**What the task requires:** Write the data out again exactly, with every picture removed.

===== Input data

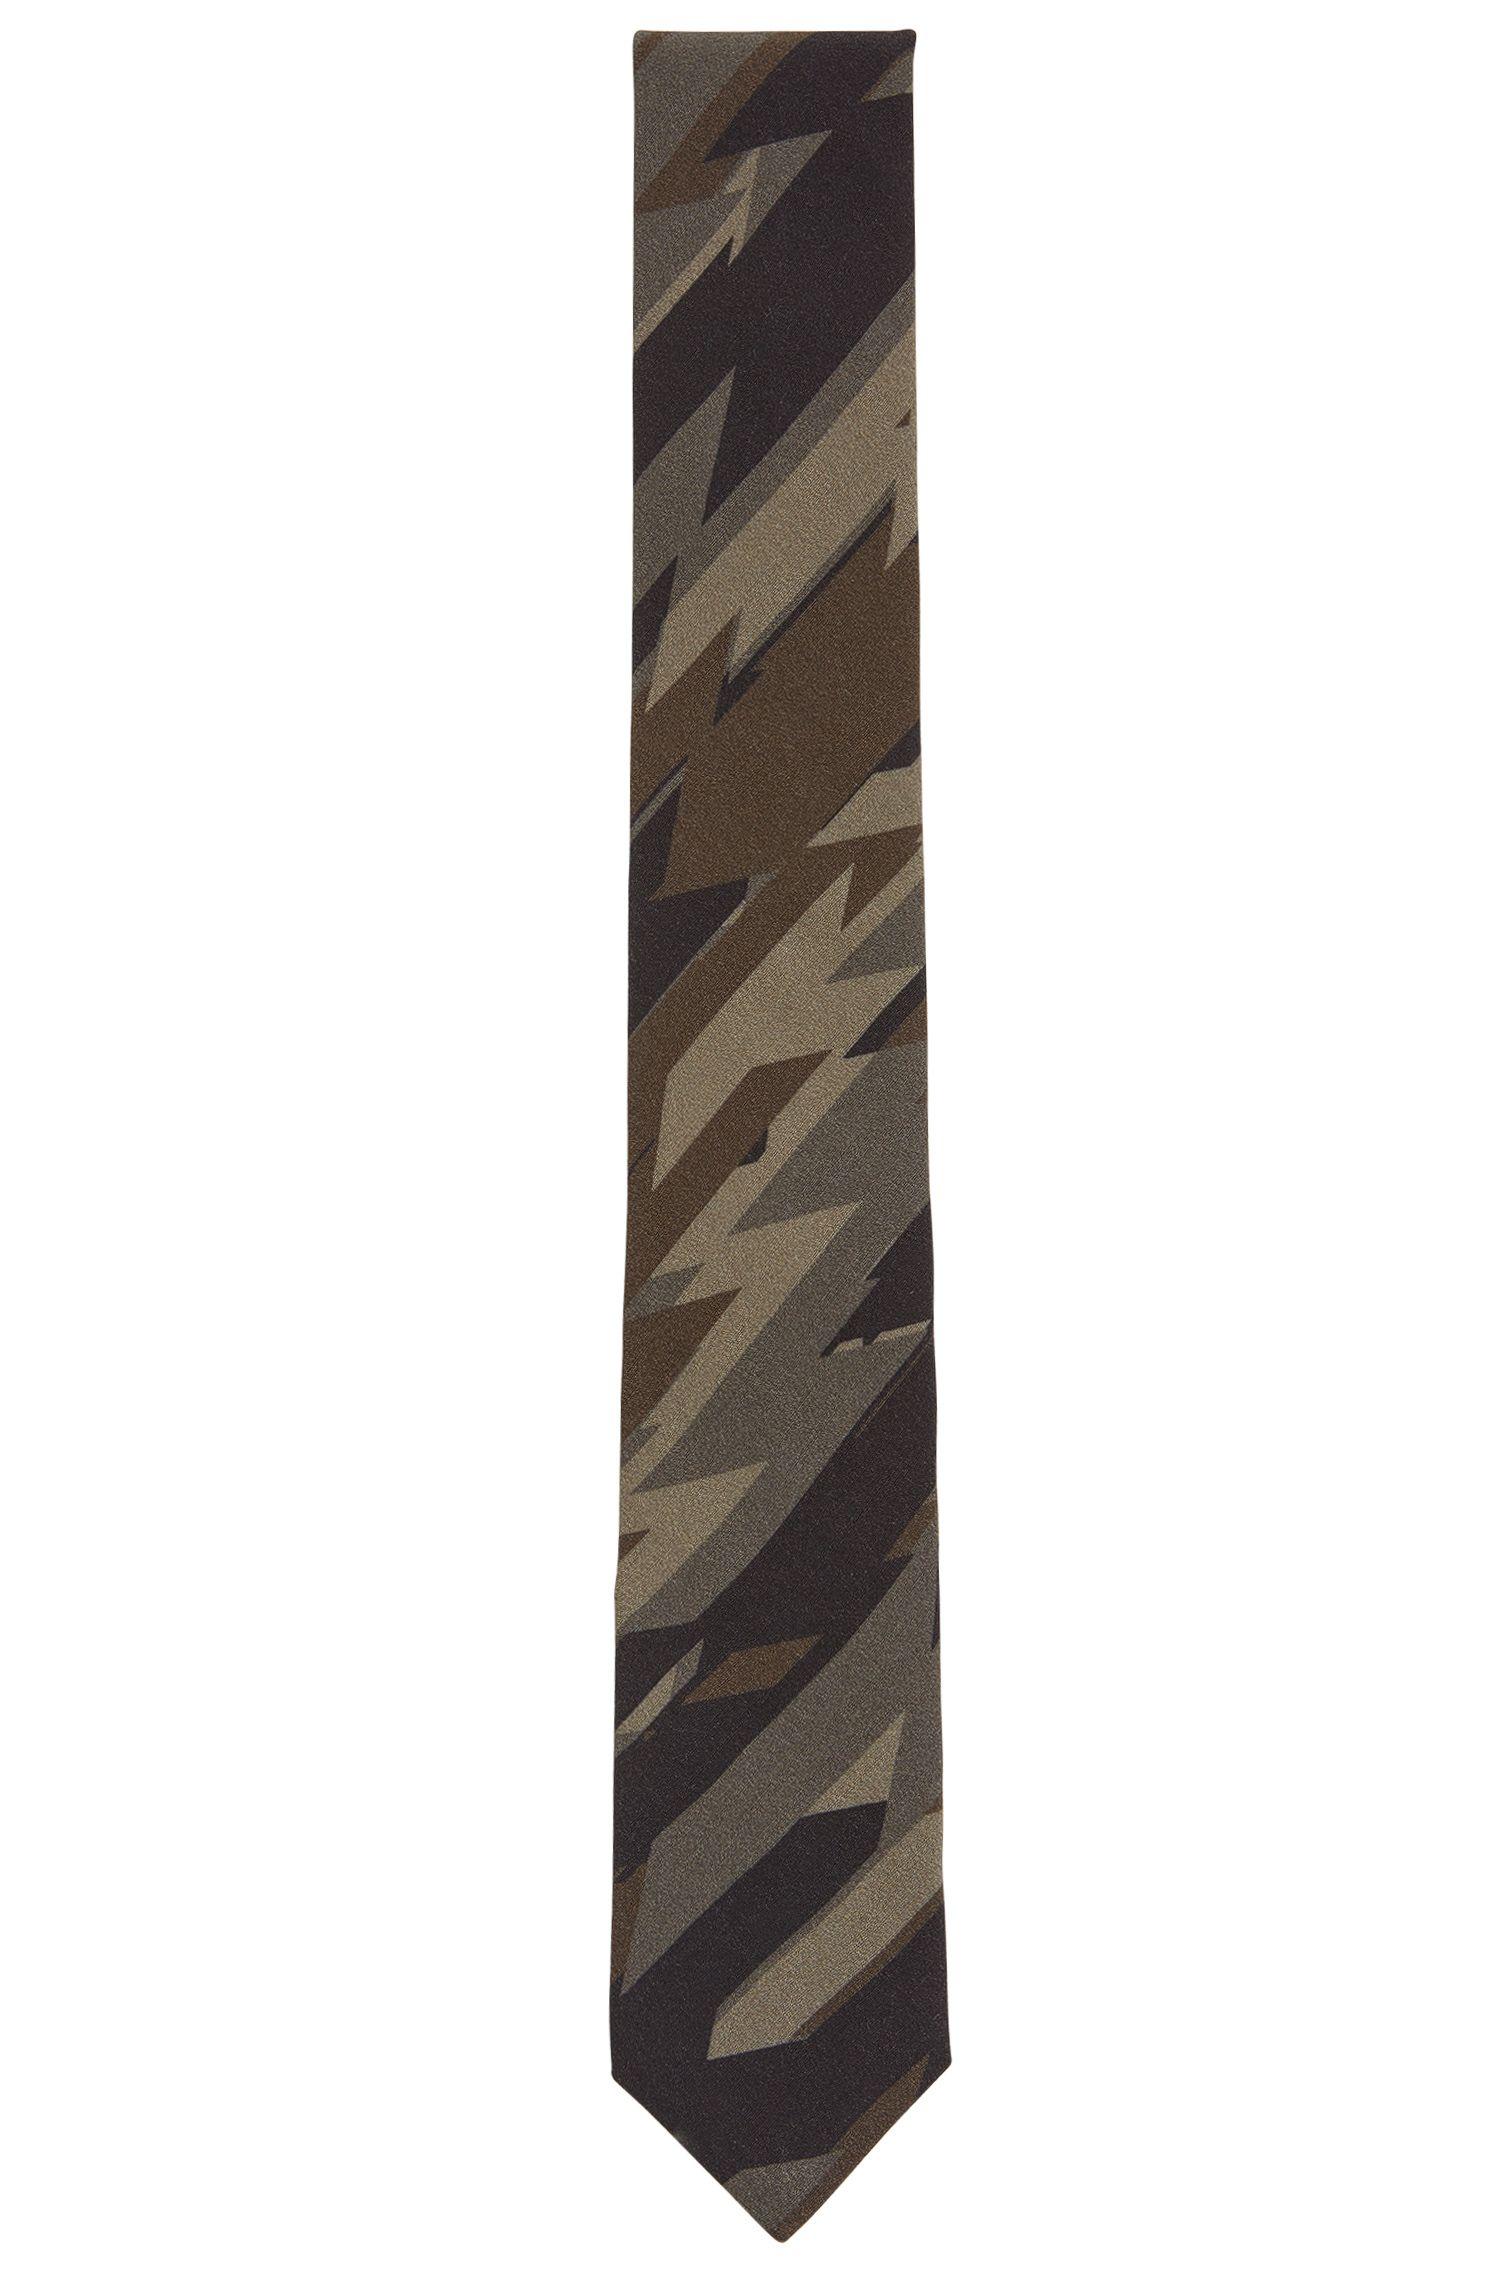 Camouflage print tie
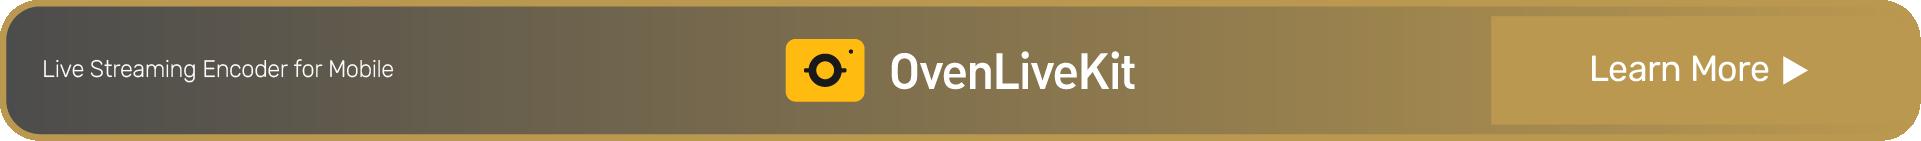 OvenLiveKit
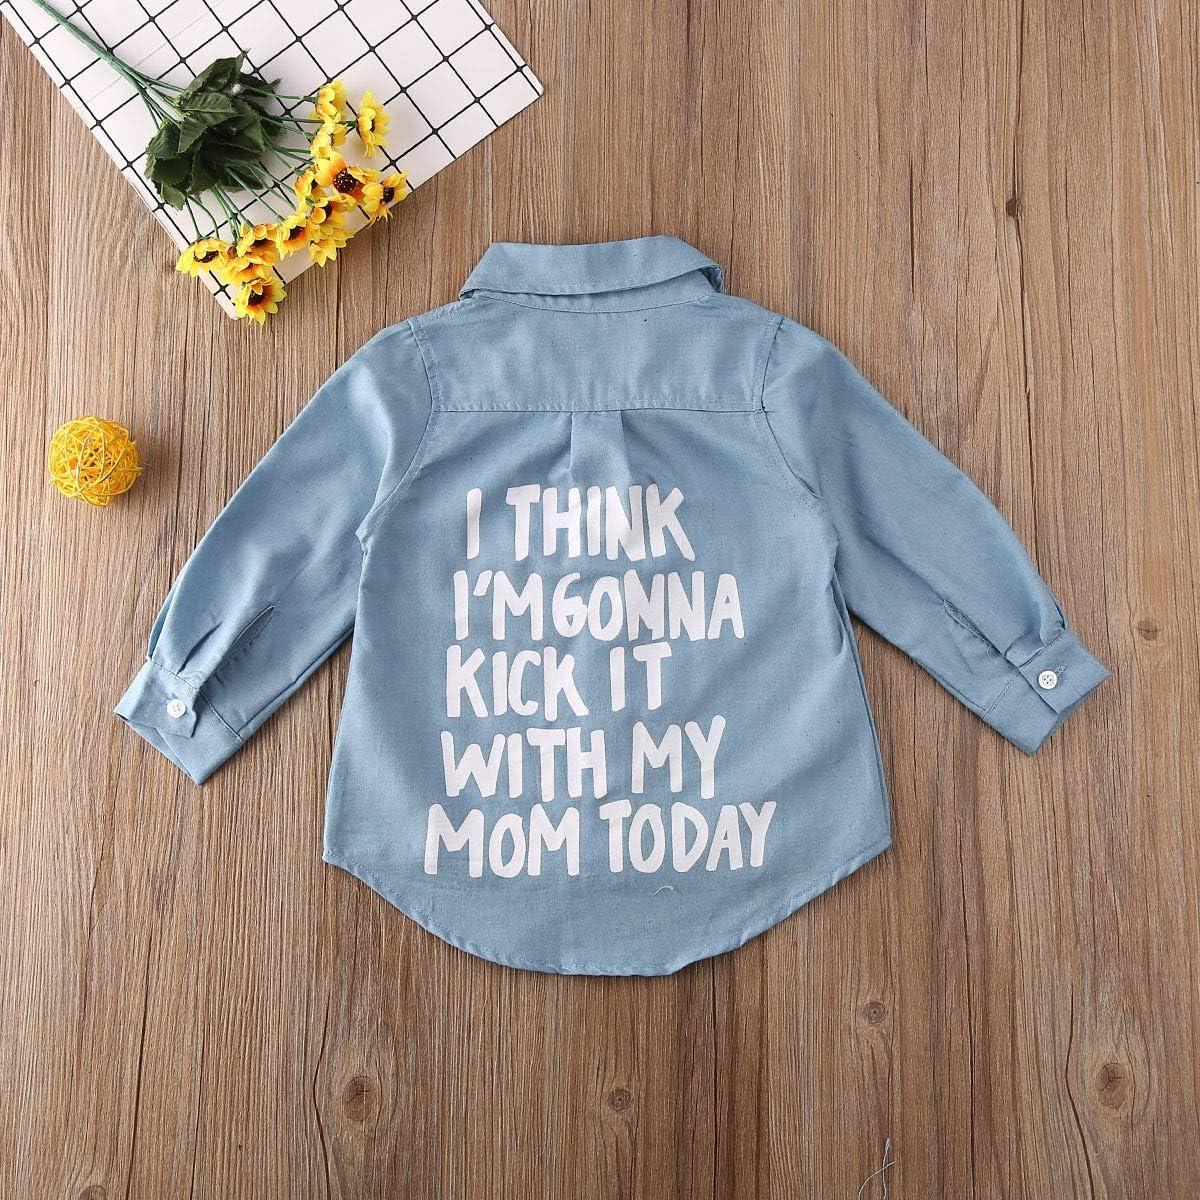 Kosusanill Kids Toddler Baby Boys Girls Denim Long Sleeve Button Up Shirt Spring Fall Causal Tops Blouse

==========

**Result:**
 Camouflage print tie
 OvenLiveKit
 Kosusanill Kids Toddler Baby Boys Girls Denim Long Sleeve Button Up Shirt Spring Fall Causal Tops Blouse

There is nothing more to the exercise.